Superior Court (2002) 29 Cal.4th 473, 483 [citation omitted].) However, “the economic loss rule does not necessarily bar recovery in tort for damage that a defective product . . . causes to other portions of a larger product . . . into which the former has been incorporated . . . [T]he concept of recoverable physical injury or property damage ha[s] over time expanded to include damage to one part of a product caused by another, defective part.” (Id. at pp. 483-484 [citations and internal quotations omitted].)
Plaintiff’s allegations at the pleadings stage are sufficient to put this cause of action within this exception to the economic loss rule. The demurrer to this cause of action is therefore overruled.
Fourth and Fifth Causes of Action
In its Fourth Cause of Action, Plaintiff alleges that RA expressly warranted that the vehicle was safe, merchantable, and fit for its ordinary and intended purpose, including charging at commercial electric vehicle charging stations. (Complaint, ¶27.) In the Fifth Cause of Action, Plaintiff alleges that RA impliedly warranted that the vehicle was of merchantable quality and fit for the ordinary purposes for which such vehicles are used. (Id., ¶32.) RA demurs to these causes of action on the grounds that the Complaint is ambiguous as to the bases for the causes of action, i.e., whether they are statutory claims or based on common law.
Further, RA argues, to the extent they are statutory claims, Plaintiff fails to plead them with particularity. (See Mittenhuber v. City of Rodando Beach (1983) 142 Cal.App.3d 1, 5 [where “recovery is based on a statutory cause of action, the plaintiff must set forth facts in his complaint sufficiently detailed and specific to support an inference that each of the statutory elements of liability is satisfied. General allegations are regarded as inadequate”].)
In its Opposition, Plaintiff argues that its express warranty claim arises out of California Commercial Code Sections 2313 (express warranty) and 2314 (implied warranty).
The demurrer to these two causes of action is sustained. Plaintiff is granted leave to amend its Complaint to identify the Code sections upon which these causes of action are based and to allege the specific elements of each cause of action.

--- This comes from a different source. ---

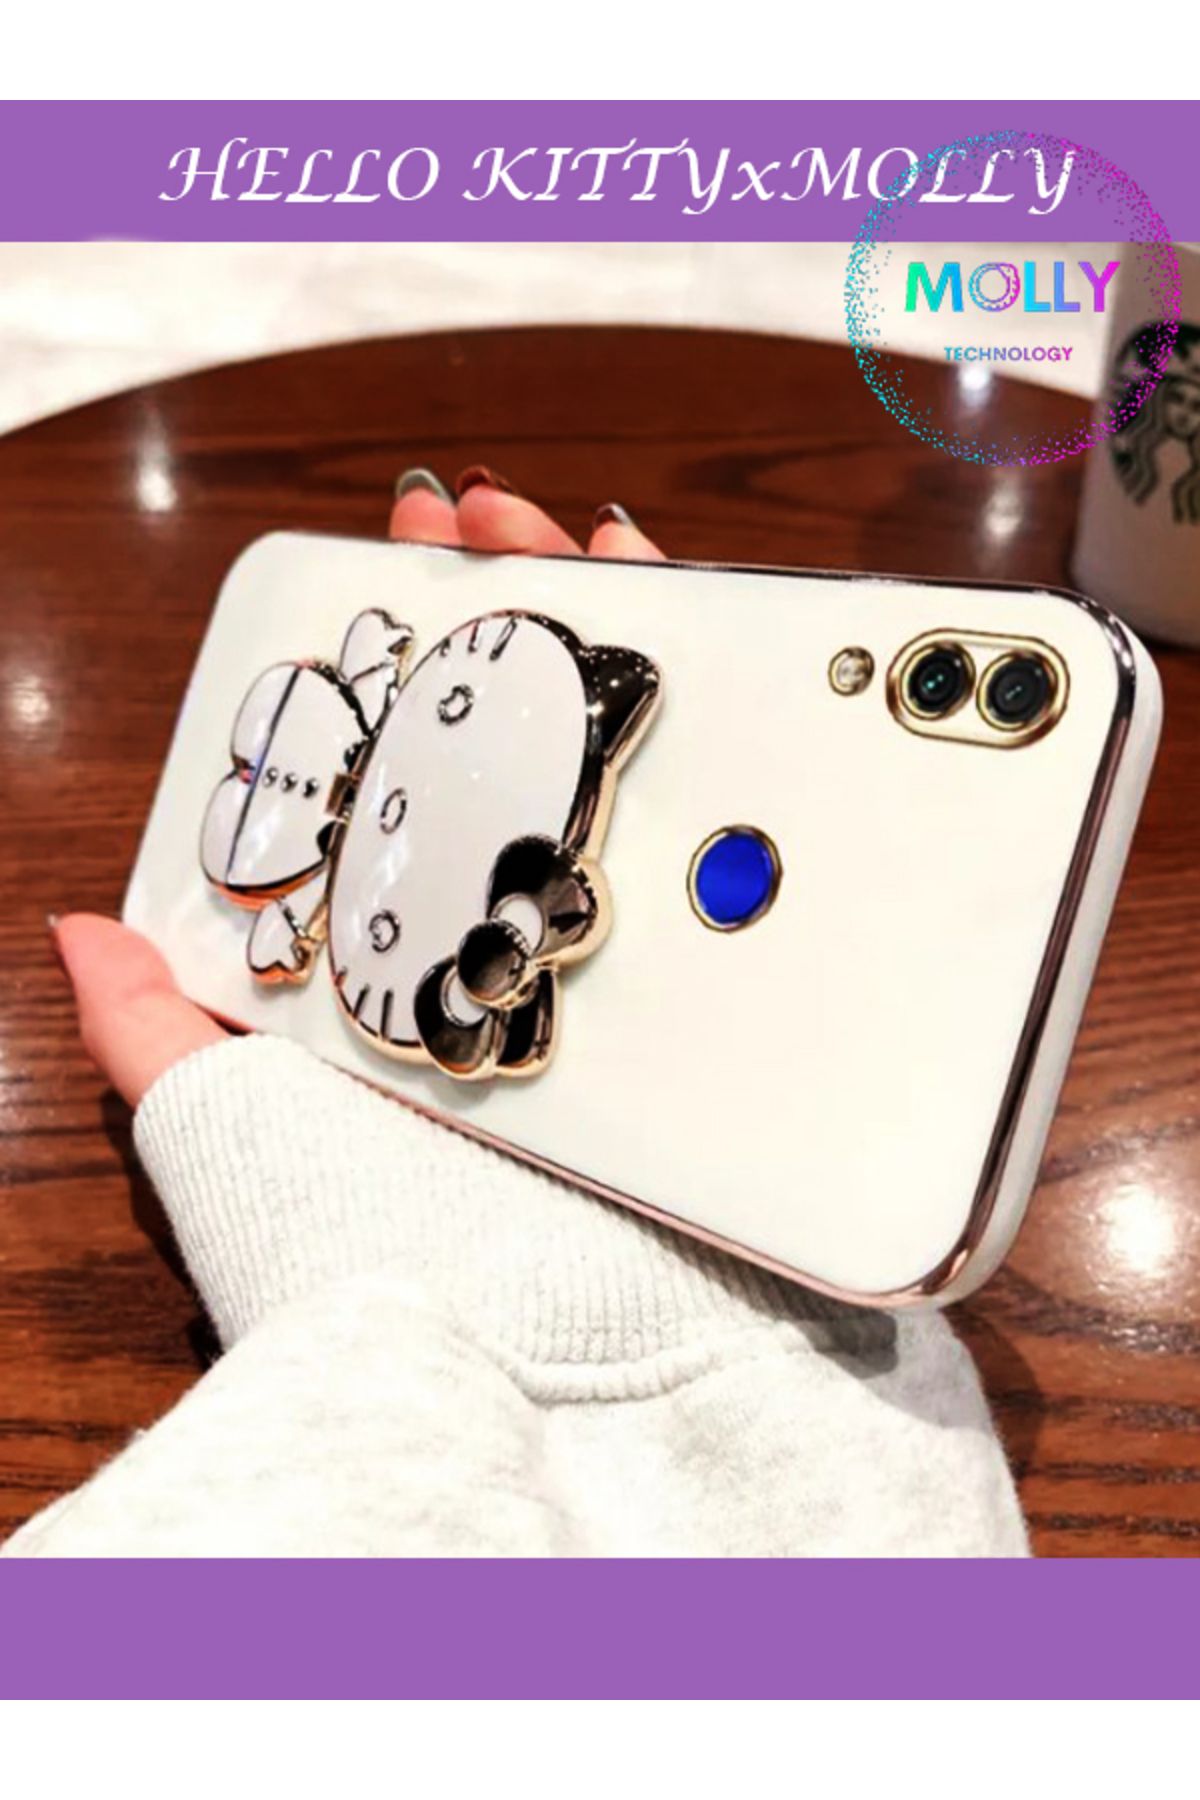 Molly Technology Huawei P Smart 2019 İçin İnci Beyazı Hello Kitty Standlı Kenarları Gold Detaylı Lüks Silikon Kılıf

All parties must comply with Marin County Superior Court Local Rules, Rule 2.10(B) to contest the tentative decision. Parties who request oral argument are required to appear in person or remotely by ZOOM. Regardless of whether a party requests oral argument in accordance with Rule 2.10(B), the prevailing party shall prepare an order consistent with the announced ruling as required by Marin County Superior Court Local Rules, Rule 2.11.